As you can see above, Instagram’s new Hyperlapse app that debuted yesterday is one of the most simple apps on the surface. It does two things: shoots video in either portrait or landscape and changes speed from 1x to 12x for a time-lapse effect. There’s not very much other user interface aside from the record button and speed slider (and the share screen after you save a video), but under the hood there’s a lot of really smart stuff going on with Hyperlapse.

For those interested in all the under-the-hood work that went in to Hyperlapse’s video stabilization and time-lapse features, Instagram’s engineers behind the app have published a blog post detailing the technology that makes it all work.

The blog post goes into Hyperlapse’s approach to video stabilization, time-lapse stabilization, and adaptive zoom to detail how it all works under the surface. Below is a snippet including a chart describing one of the algorithms used by the app.
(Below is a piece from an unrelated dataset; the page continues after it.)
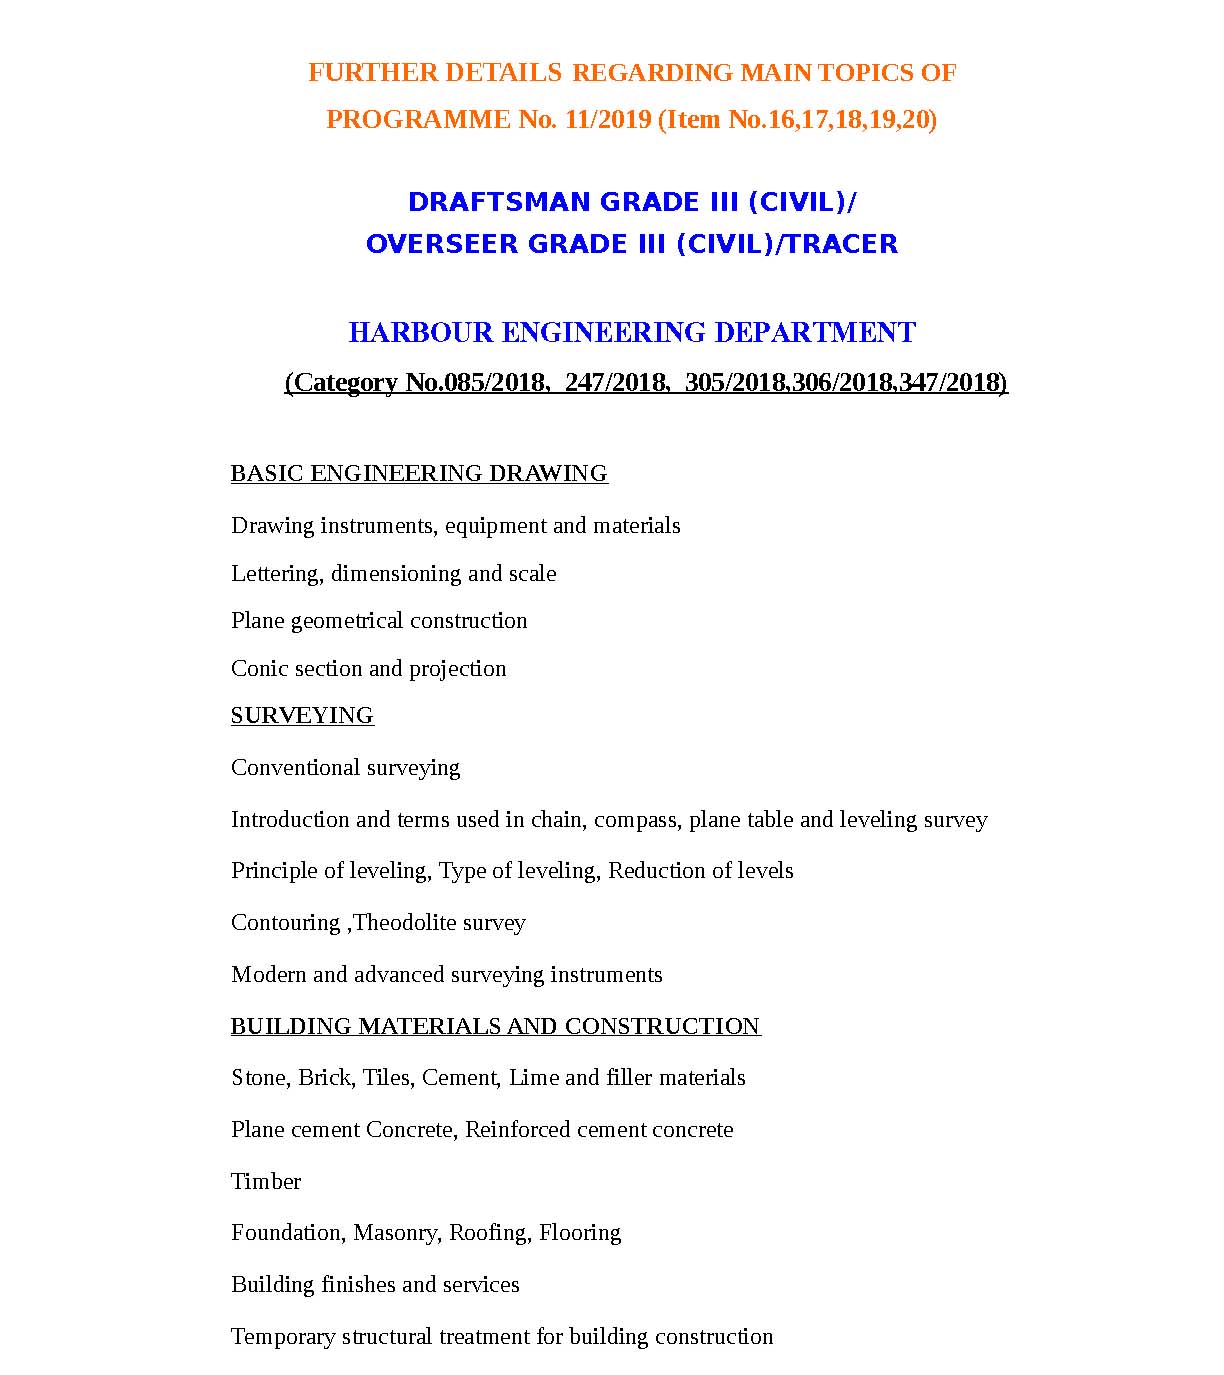 KPSC Syllabus Draftsman Overseer Grade III Civil Exam 2019 - Notification Image 1

Video stabilization is instrumental in capturing beautiful fluid videos. In the movie industry, this is achieved by having the camera operator wear a harness that separates the motion of the camera from the motion of the operator’s body. Since we can’t expect Instagrammers to wear a body harness to capture the world’s moments, we instead developed Cinema, which uses the phone’s built-in gyroscope to measure and remove unwanted hand shake.

The diagram below shows the pipeline of the Cinema stabilization algorithm. We feed gyroscope samples and frames into the stabilizer and obtain a new set of camera orientations as output. These camera orientations correspond to a smooth “synthetic” camera motion with all the unwanted kinks and bumps removed.


If you’re interested in the wonkier side of capturing video and software, give Instagram’s post a read and check out Hyperlapse for iPhone and iPad on the App Store.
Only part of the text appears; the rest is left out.